The published version is available at Copyright © Bhardwaj et al.


Lysosomal inhibition elicited by palmitoyl-protein thioesterase 1 (PPT1) inhibitors such as DC661 can produce cell death, but the mechanism for this is not completely understood. Programmed cell death pathways (autophagy, apoptosis, necroptosis, ferroptosis, and pyroptosis) were not required to achieve the cytotoxic effect of DC661. Inhibition of cathepsins, or iron or calcium chelation, did not rescue DC661-induced cytotoxicity. PPT1 inhibition induced lysosomal lipid peroxidation (LLP), which led to lysosomal membrane permeabilization and cell death that could be reversed by the antioxidant N-acetylcysteine (NAC) but not by other lipid peroxidation antioxidants.
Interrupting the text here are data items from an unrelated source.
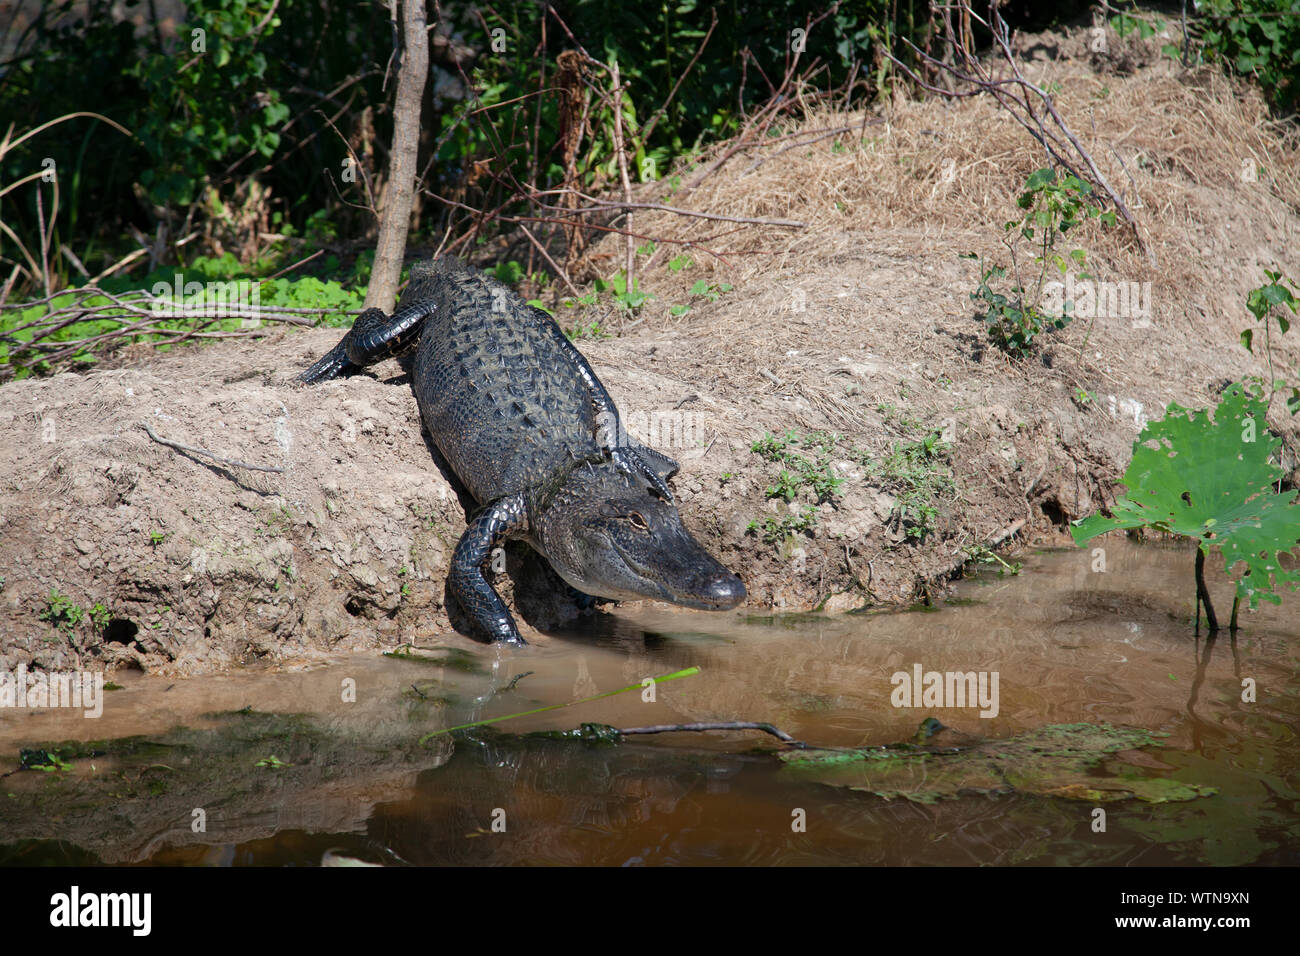 An American alligator on the bank of a lake in East Texas. Stock Photo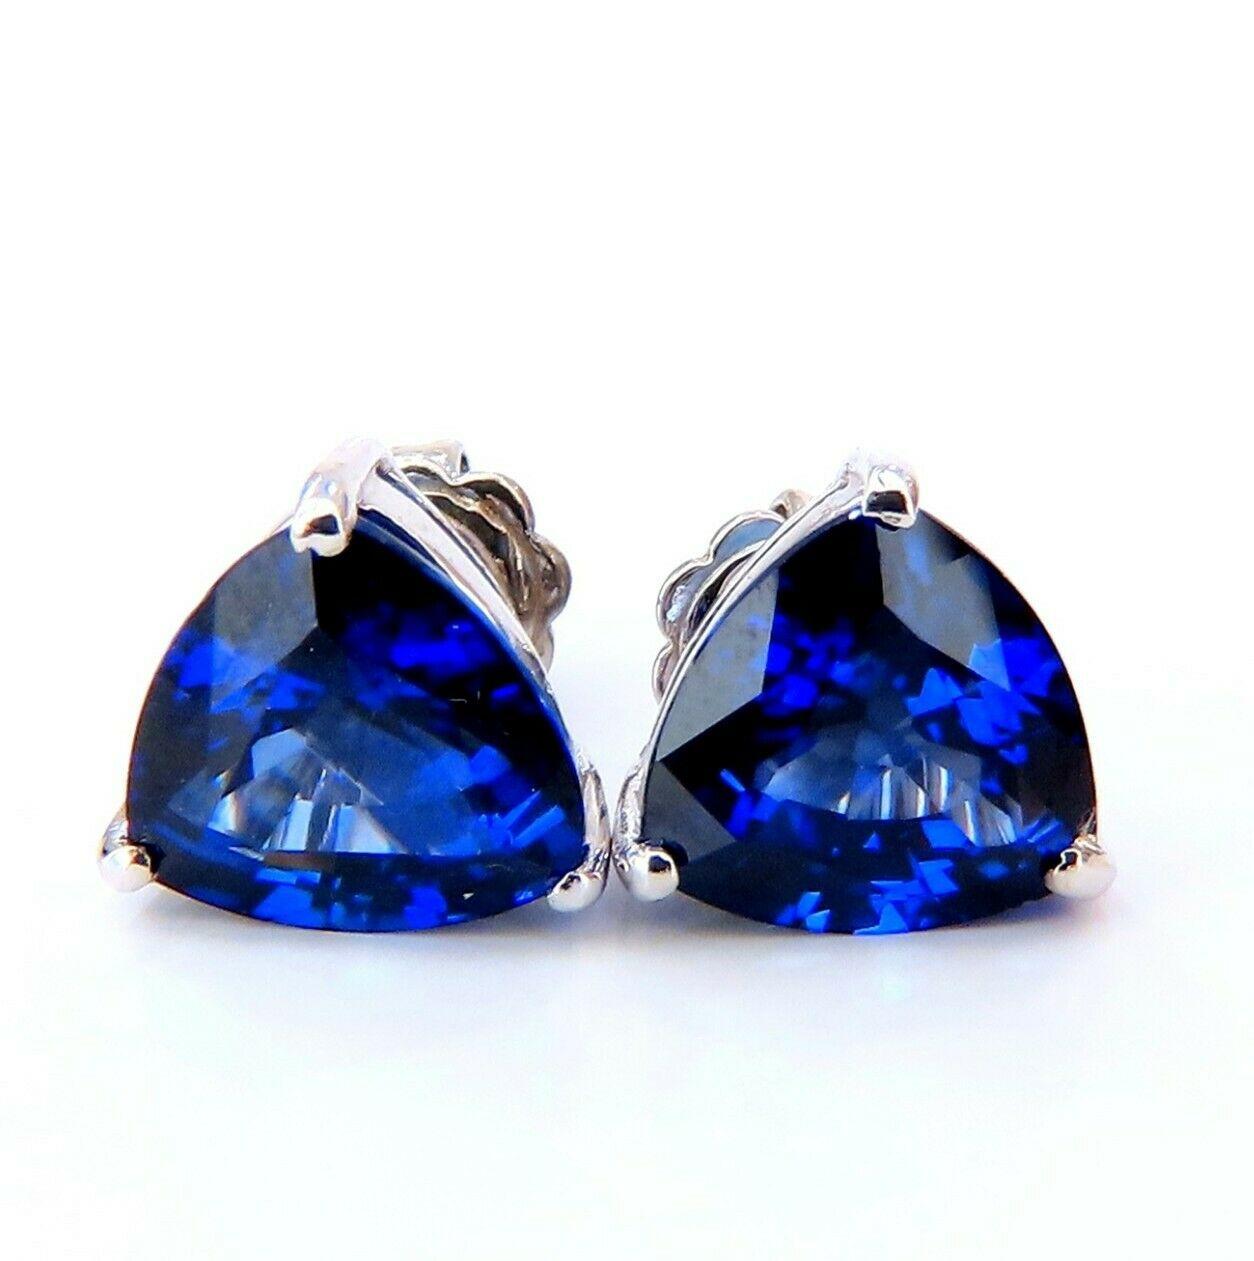 Royal blue triangular stud earrings

9.11 carat Lab created Trilliant cut sapphires.

Royal blue, clean clarity and transparent.

10.7 x 9.2 mm each.

Depth of earrings: 6.5 mm

14kt white gold 4.4 grams.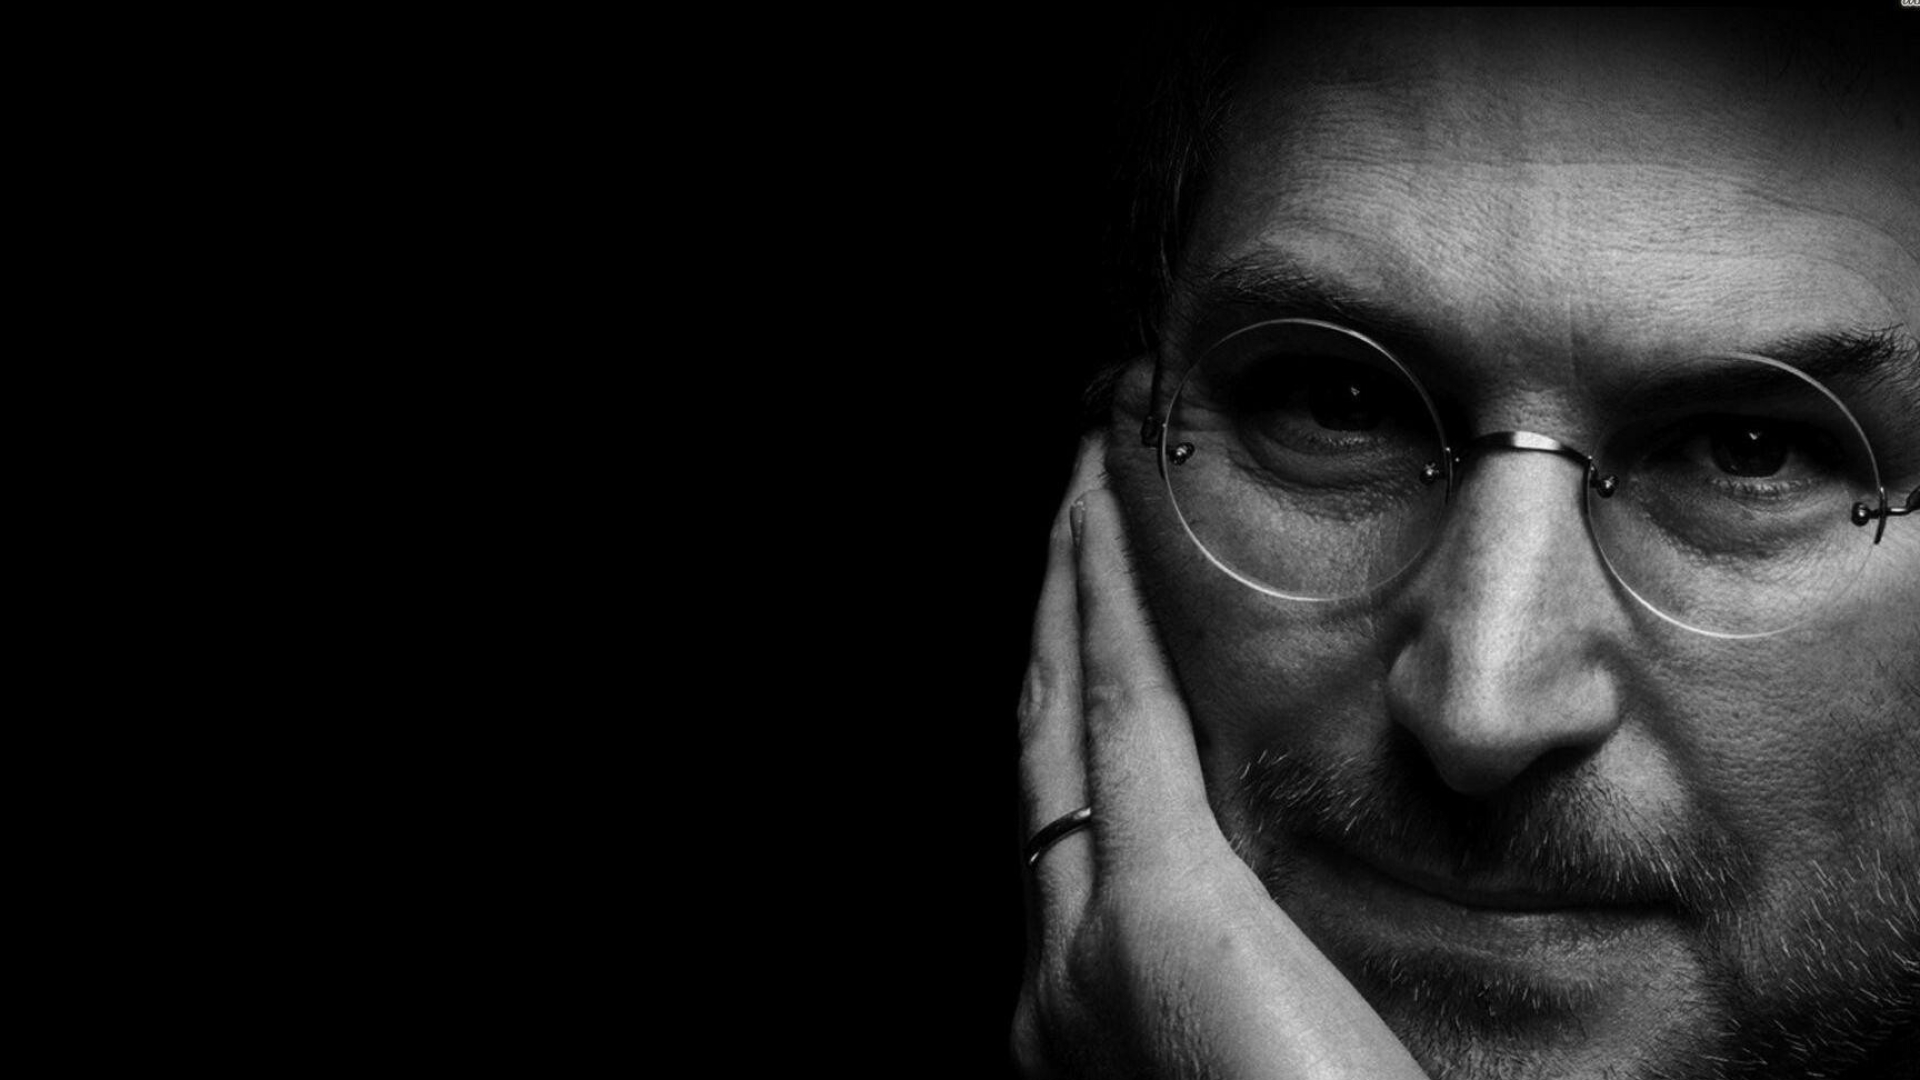 Steve Jobs: An American entrepreneur, Known for his brilliantly innovative mind, iPhone, iPad, Apple Watch, Mac. 1920x1080 Full HD Wallpaper.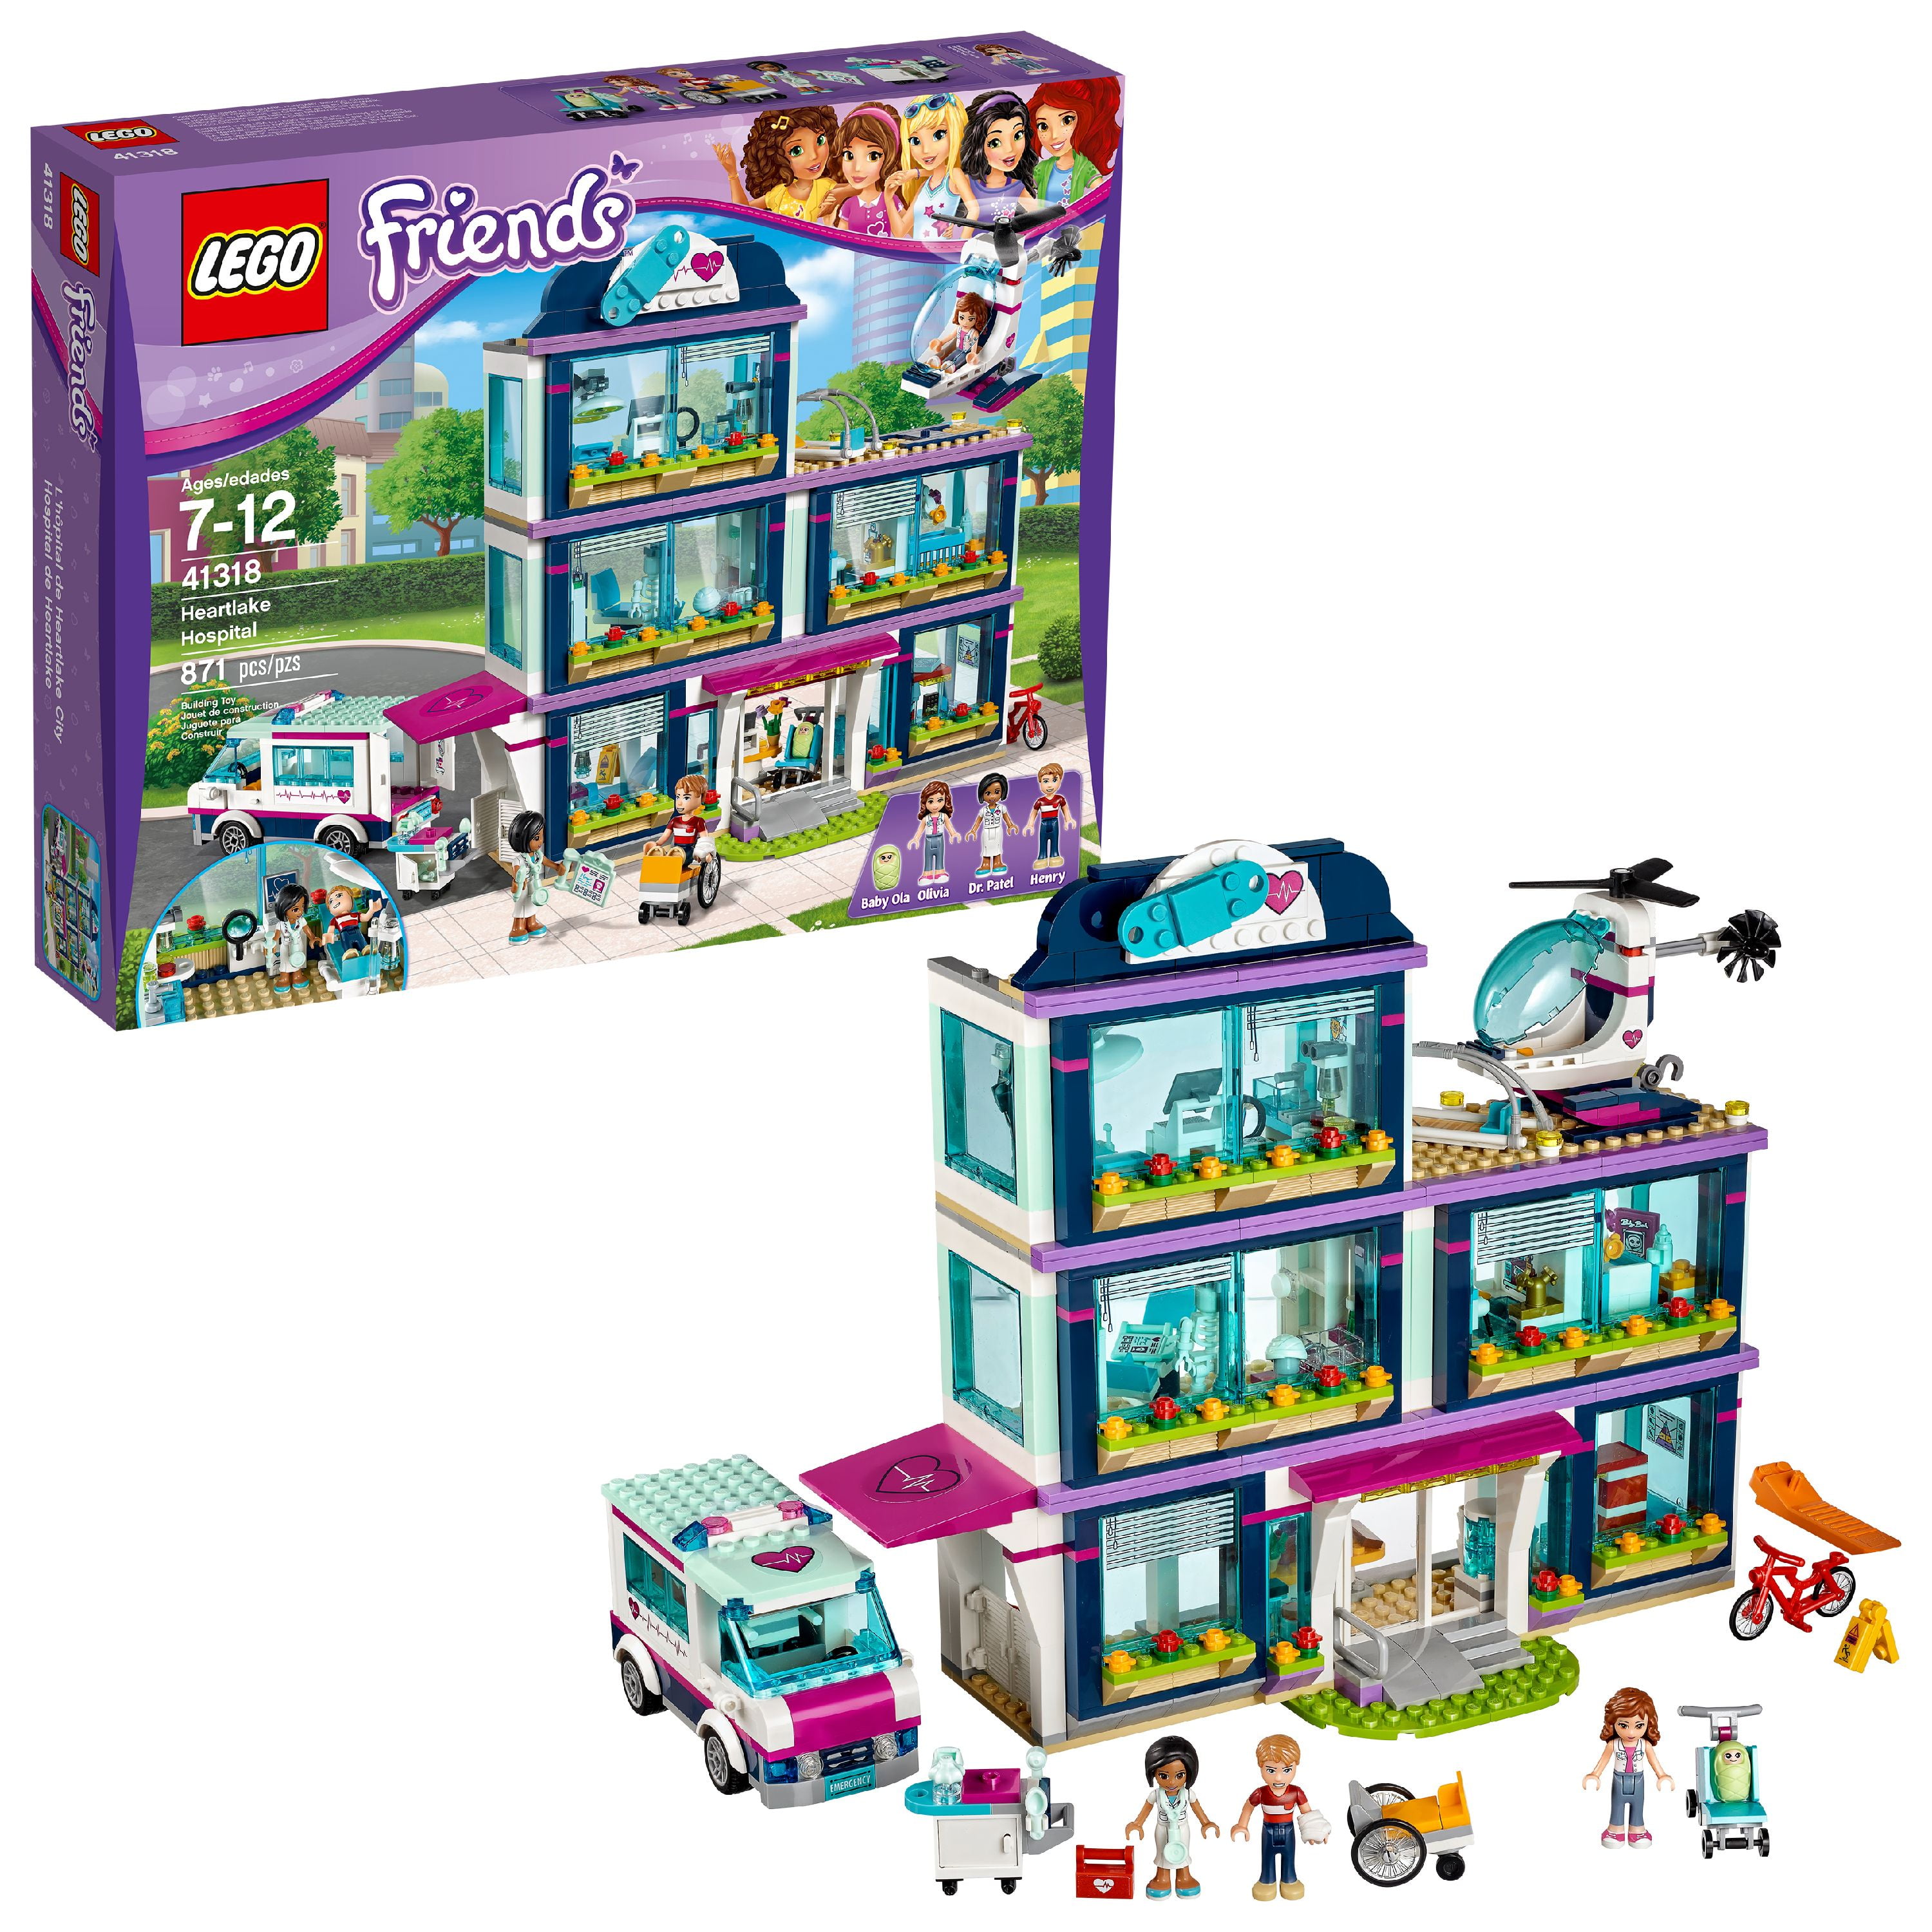 Lego Friends Stephanie's House for sale online 41314

The lysosomal cysteine transporter MFSD12 was required for intralysosomal transport of NAC and rescue of LLP. PPT1 inhibition produced cell-intrinsic immunogenicity with surface expression of calreticulin that could only be reversed with NAC. DC661-treated cells primed naive T cells and enhanced T cell-mediated toxicity. Mice vaccinated with DC661-treated cells engendered adaptive immunity and tumor rejection in "immune hot" tumors but not in "immune cold" tumors. These findings demonstrate that LLP drives lysosomal cell death, a unique immunogenic form of cell death, pointing the way to rational combinations of immunotherapy and lysosomal inhibition that can be tested in clinical trials.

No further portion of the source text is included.